<<<<
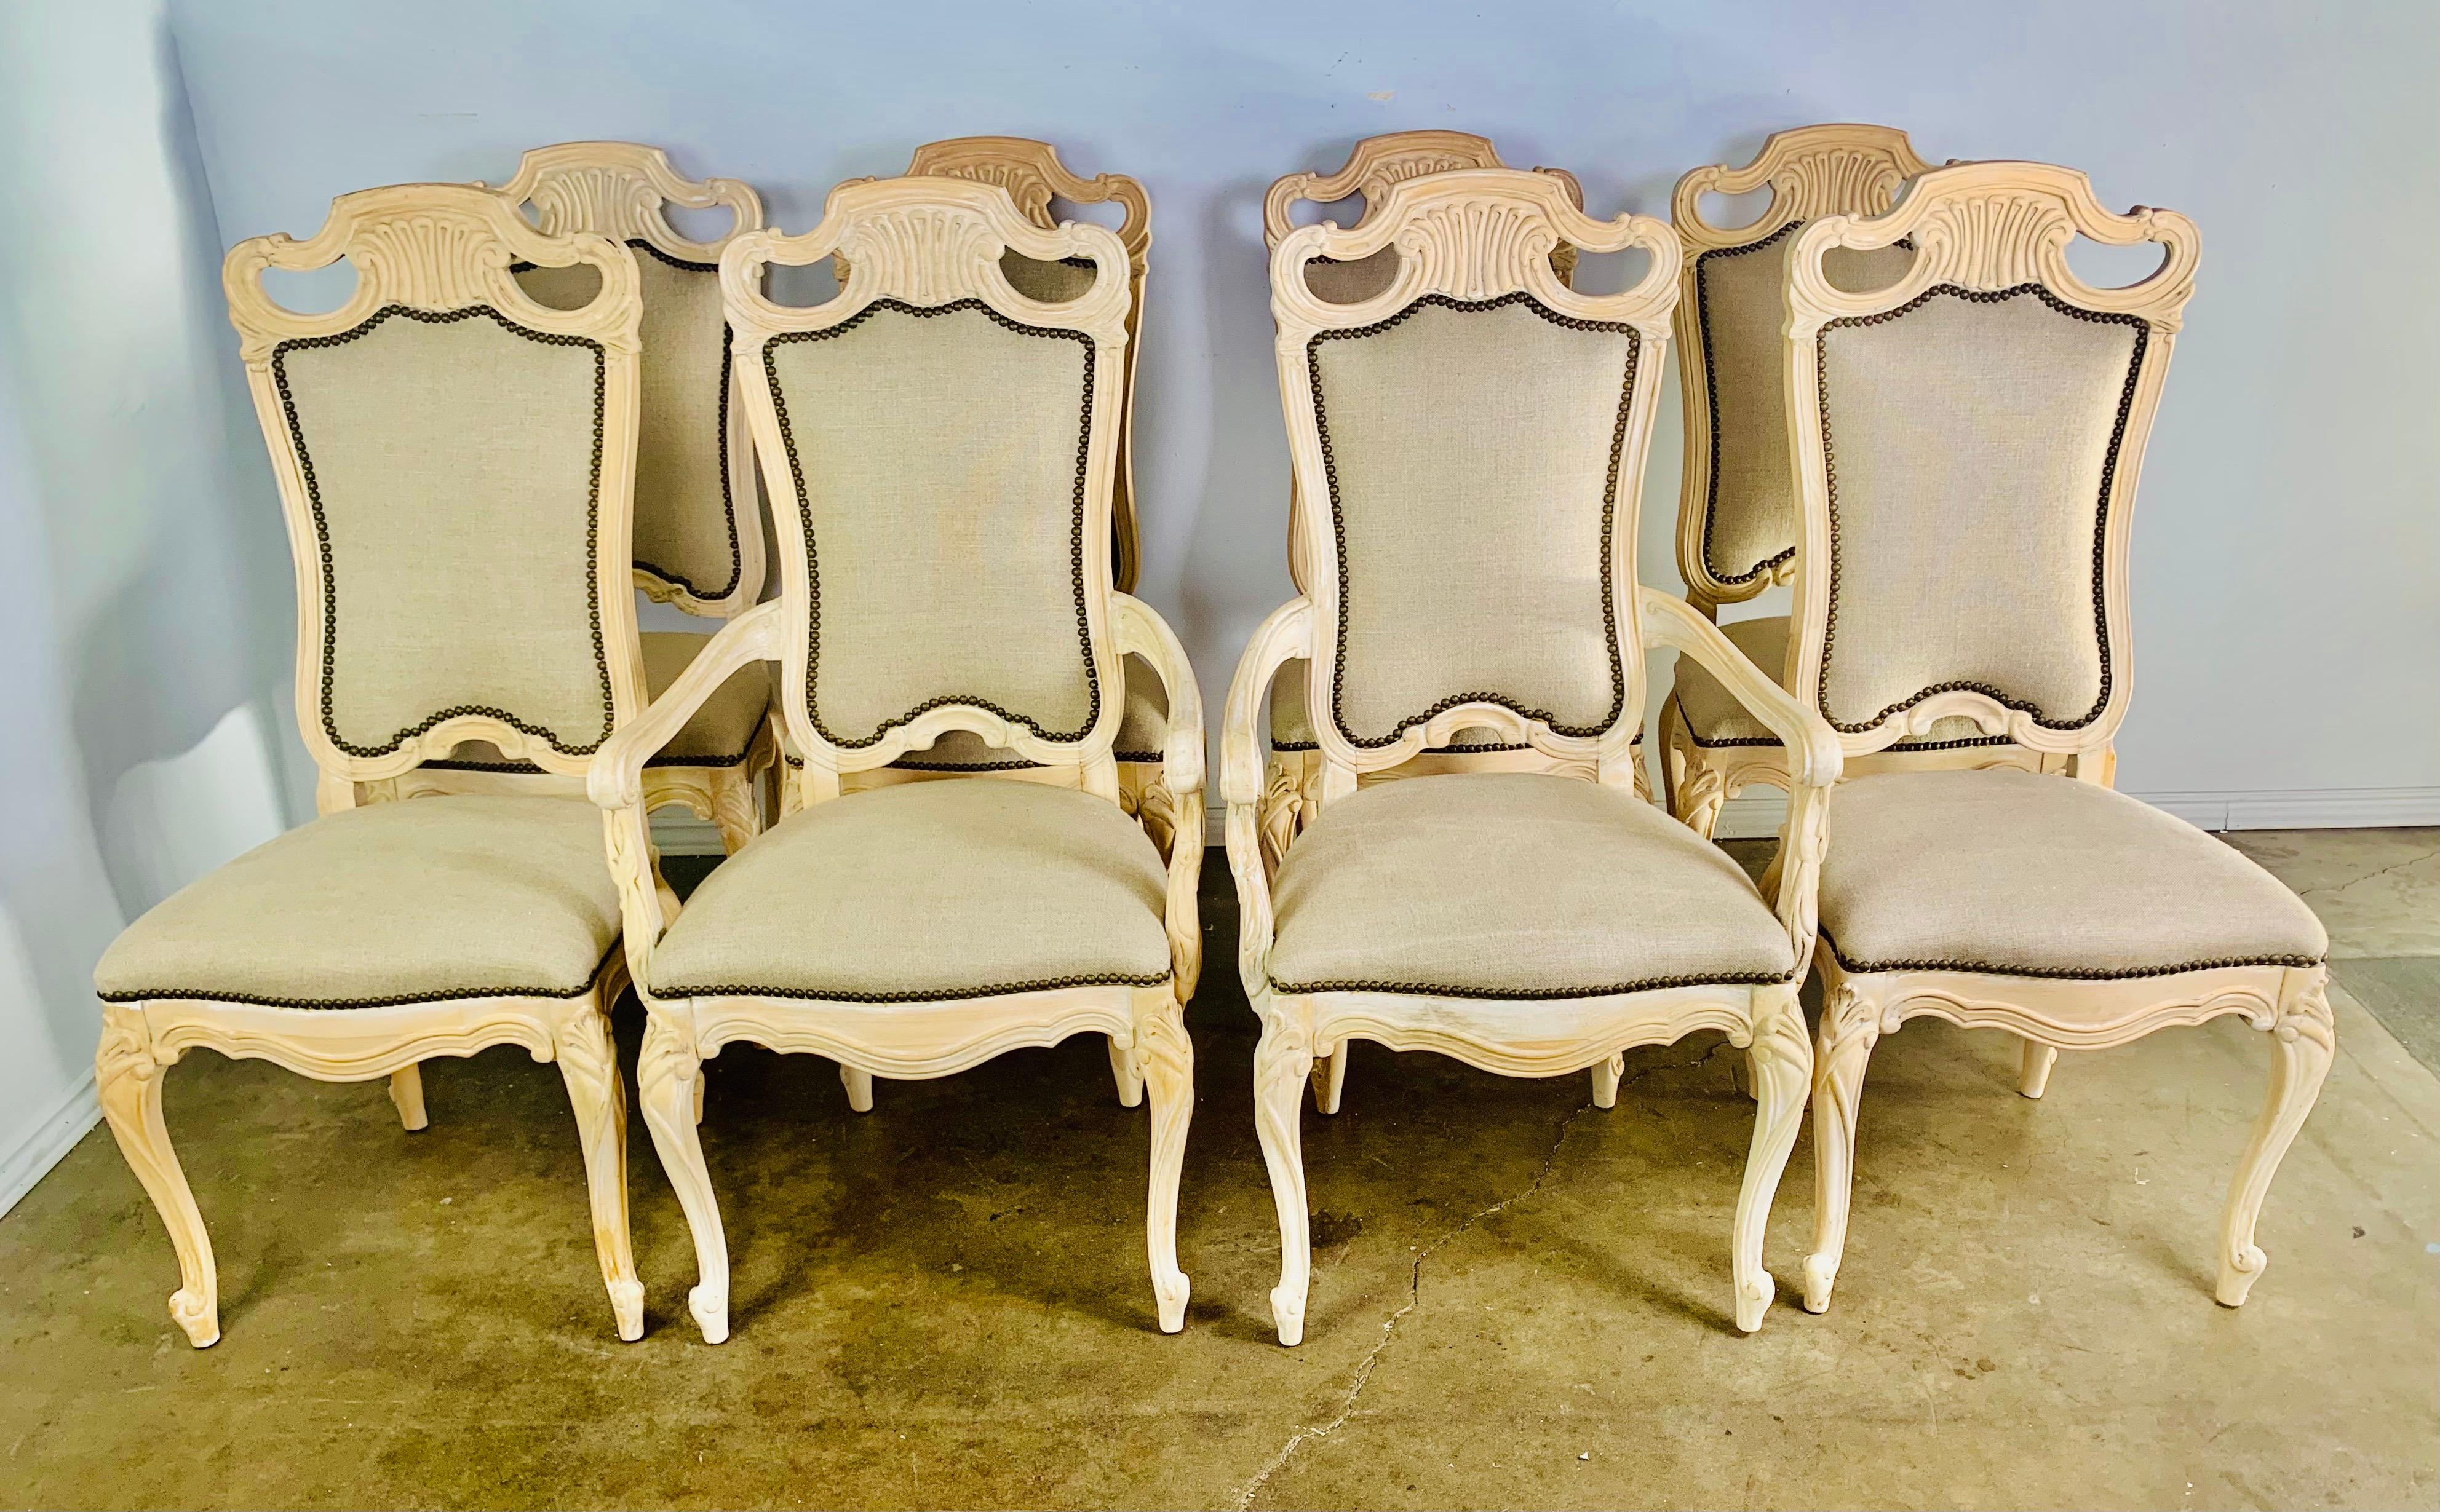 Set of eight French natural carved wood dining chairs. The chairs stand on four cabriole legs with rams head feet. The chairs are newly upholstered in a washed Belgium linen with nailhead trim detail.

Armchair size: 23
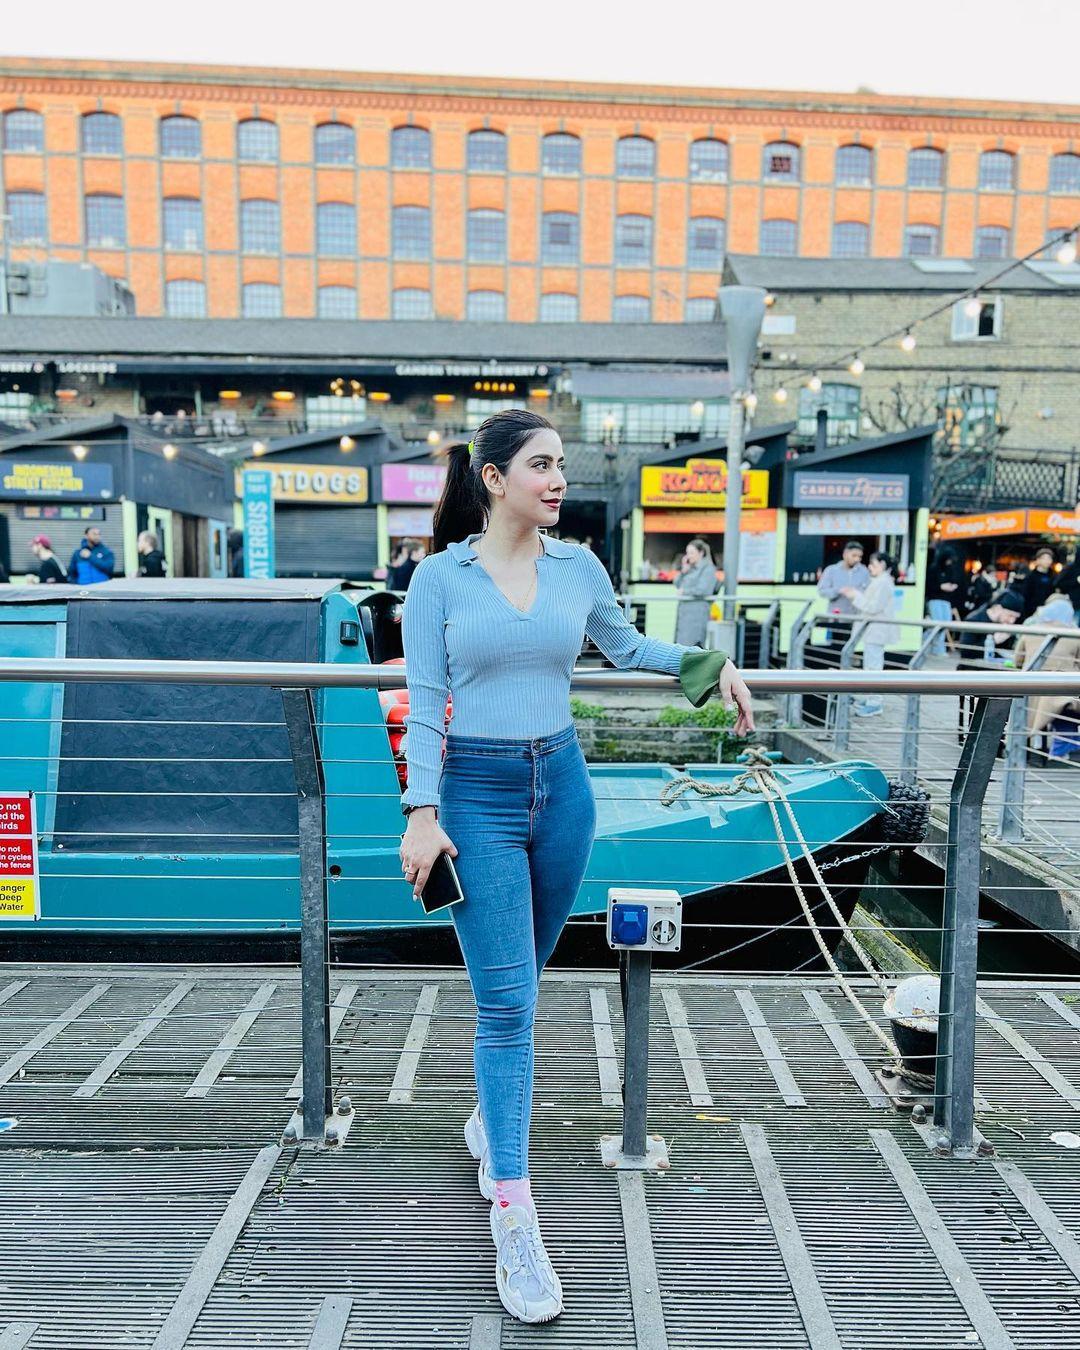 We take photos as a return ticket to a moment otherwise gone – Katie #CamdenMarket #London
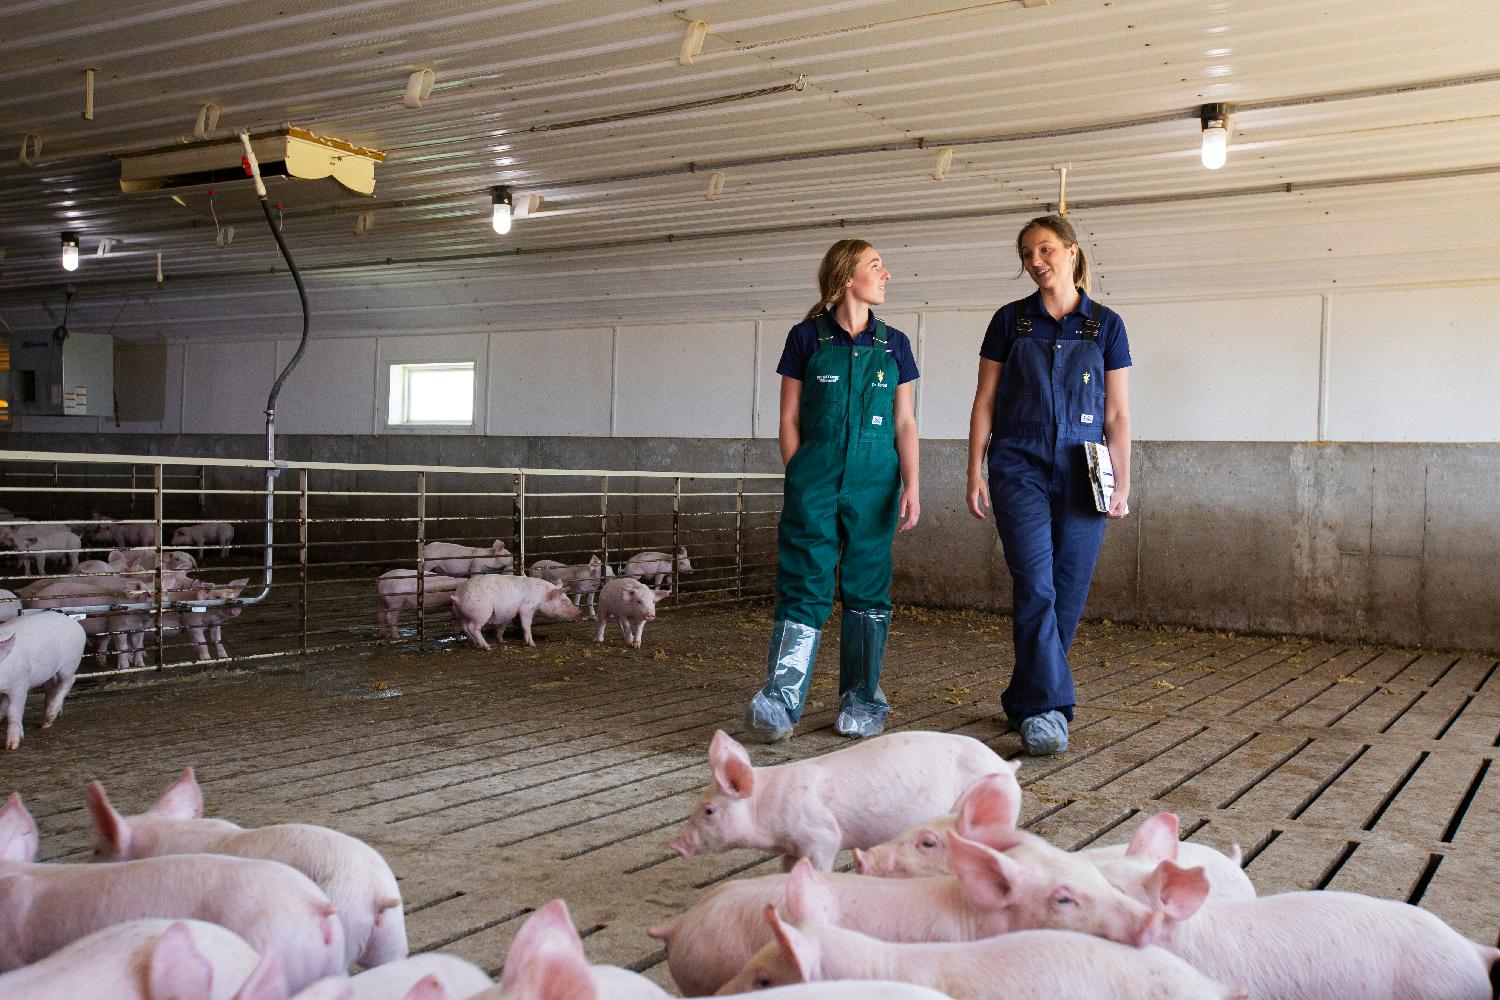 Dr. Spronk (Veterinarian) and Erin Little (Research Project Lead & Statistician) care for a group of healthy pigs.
>>>>
## Task to carry out:
Transcribe only the lines from the line holding "Armchair size: 23" to the final line of the listing above. Keep them exact, include both ends, and skip the pictures.

## Answer for this exercise:
Armchair size: 23
 We take photos as a return ticket to a moment otherwise gone – Katie #CamdenMarket #London
 Dr. Spronk (Veterinarian) and Erin Little (Research Project Lead & Statistician) care for a group of healthy pigs.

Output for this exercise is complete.